The youngest daughter of the Byzantine emperor Roman II, Anna was born two days before her father's death, due to this the exact date of her birth is known, it is March 13, 963 [I, p. 216-233]. According to Greek tradition, she received the nickname "Porphyrogenita", as she was born into the family of the ruling emperor. Roman II and Theophano also had two sons - Vasily and Constantine, the future co-rulers of Byzantium.

Anna's childhood passed in an atmosphere of court intrigue and power struggles. One of the generals, who became emperor immediately after the death of Roman, Nikiphoros Phokas, married his widow. However, Theophano supported the conspiracy of John Tzimiskes against her new husband, as a result of which Tzimiskes ascended the throne. However, unlike his predecessor, he did not want to marry Theophano, and she was forced to go into exile. Most likely, her three children, including Anna [23], left Constantinople with her.

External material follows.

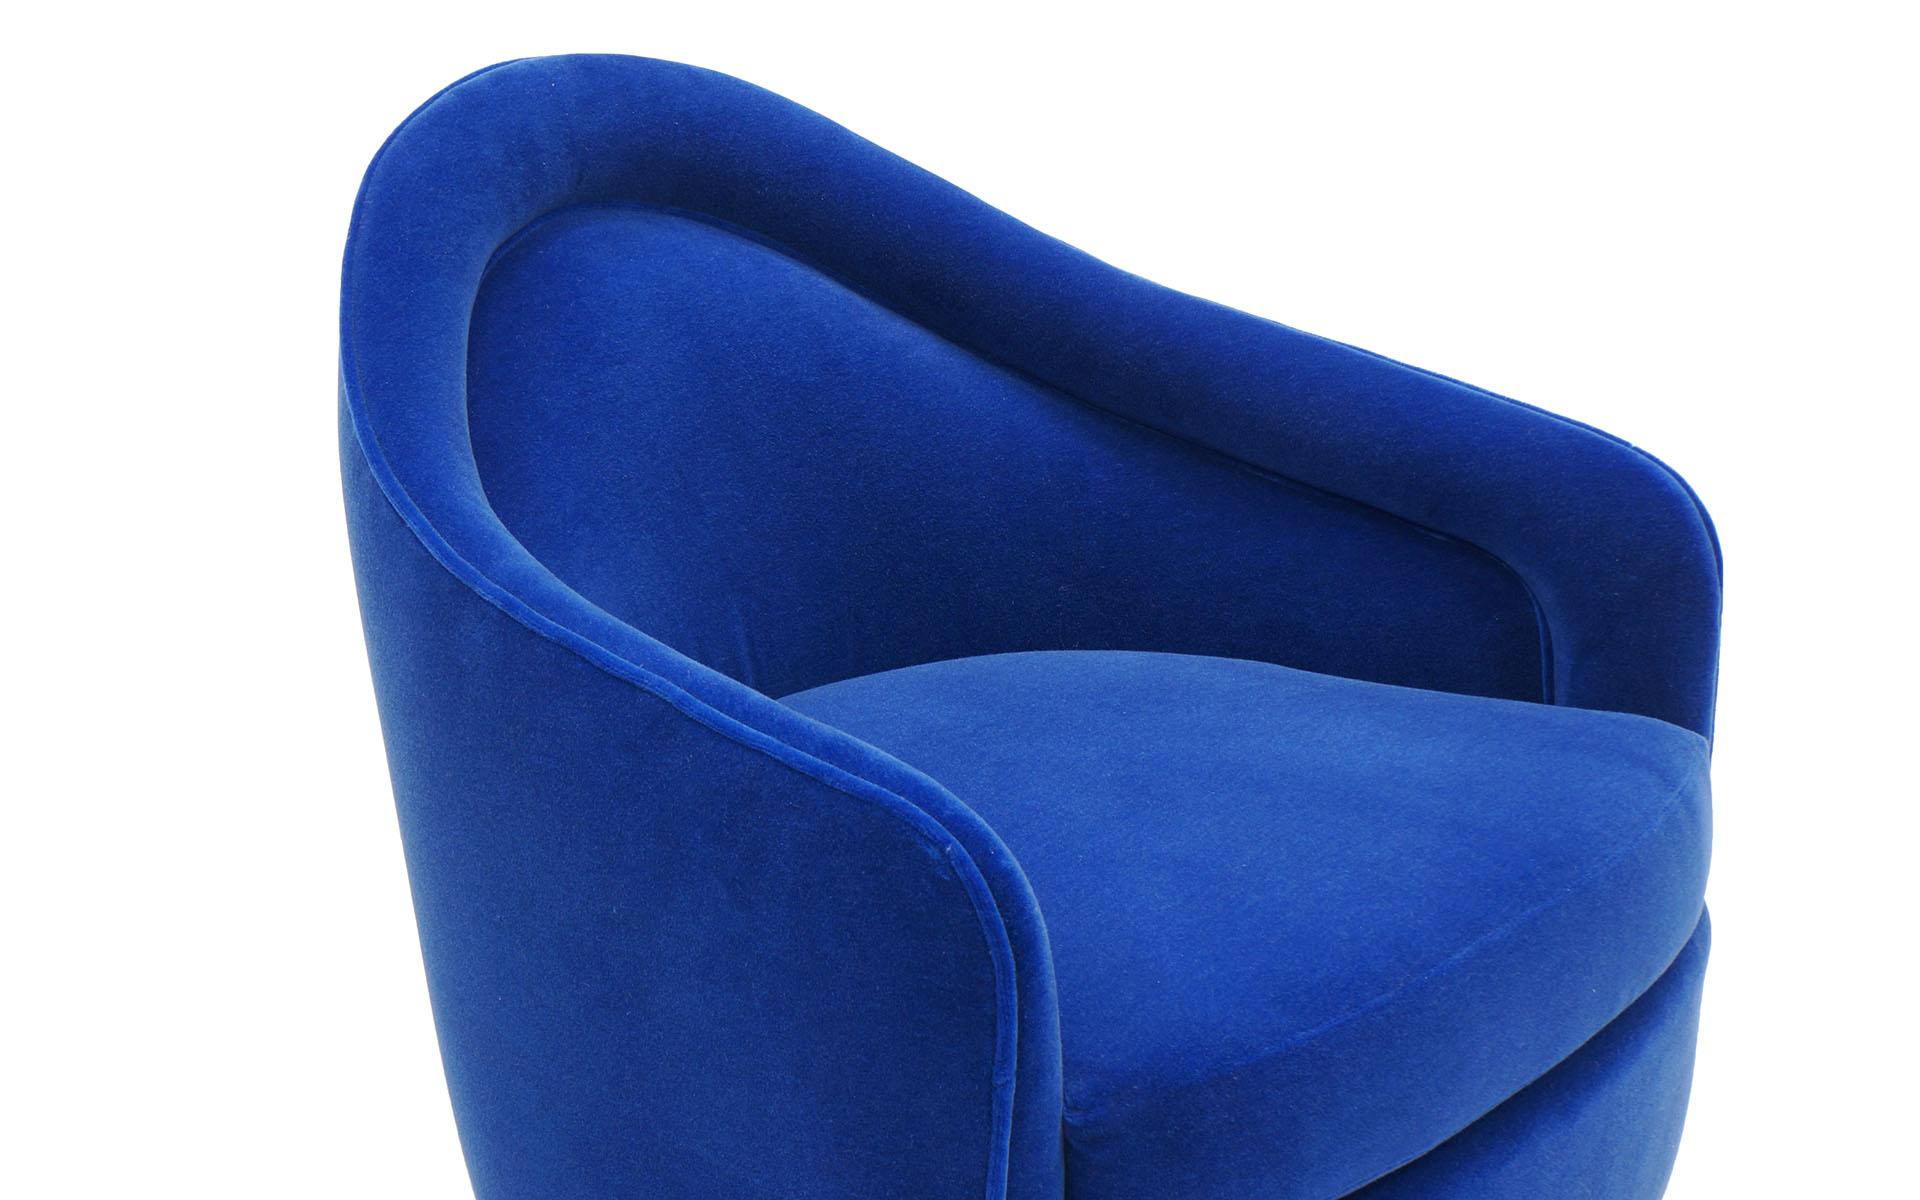 Late 20th Century Pair of Tilt Swivel Club Chairs in Blue Mohair by Milo Baughman, Exceptional Set

After the death of Tzimiskes in 976, the exiles were able to return to Byzantium. Roman and Constantine took the throne, and Anna through a dowry turned into an enviable bride. Attempts to conclude a marriage union with a Byzantine princess are mentioned in various sources, including Titmar of Merseburg and Stephan Asohik. However, a number of inaccuracies encountered by the chroniclers rather give rise to new questions than to give answers to old ones. In particular, Titmar says that Anna was married to the heir to the Holy Roman Empire Otto III, but was stolen from him by Vladimir Svyatoslavich [II, p. 164; VI, p. 64-83]. At the same time, Titmar calls Anna “Elena” and completely ignores the almost seventeen-year age difference. Apparently, the chronicler was mistaken not only in the name of the bride, but also in the entire marriage chronology. Researchers believe that Otto I wooed his son Otto II for the niece of John Tzimiskes, while Anna then barely reached the age of four. Otto III was married to an unknown Byzantine princess, but his marriage was concluded much later, at a time when Anna herself was already married to Vladimir [II, p. 138, 154-160. 164-165; 23, p. 129-131].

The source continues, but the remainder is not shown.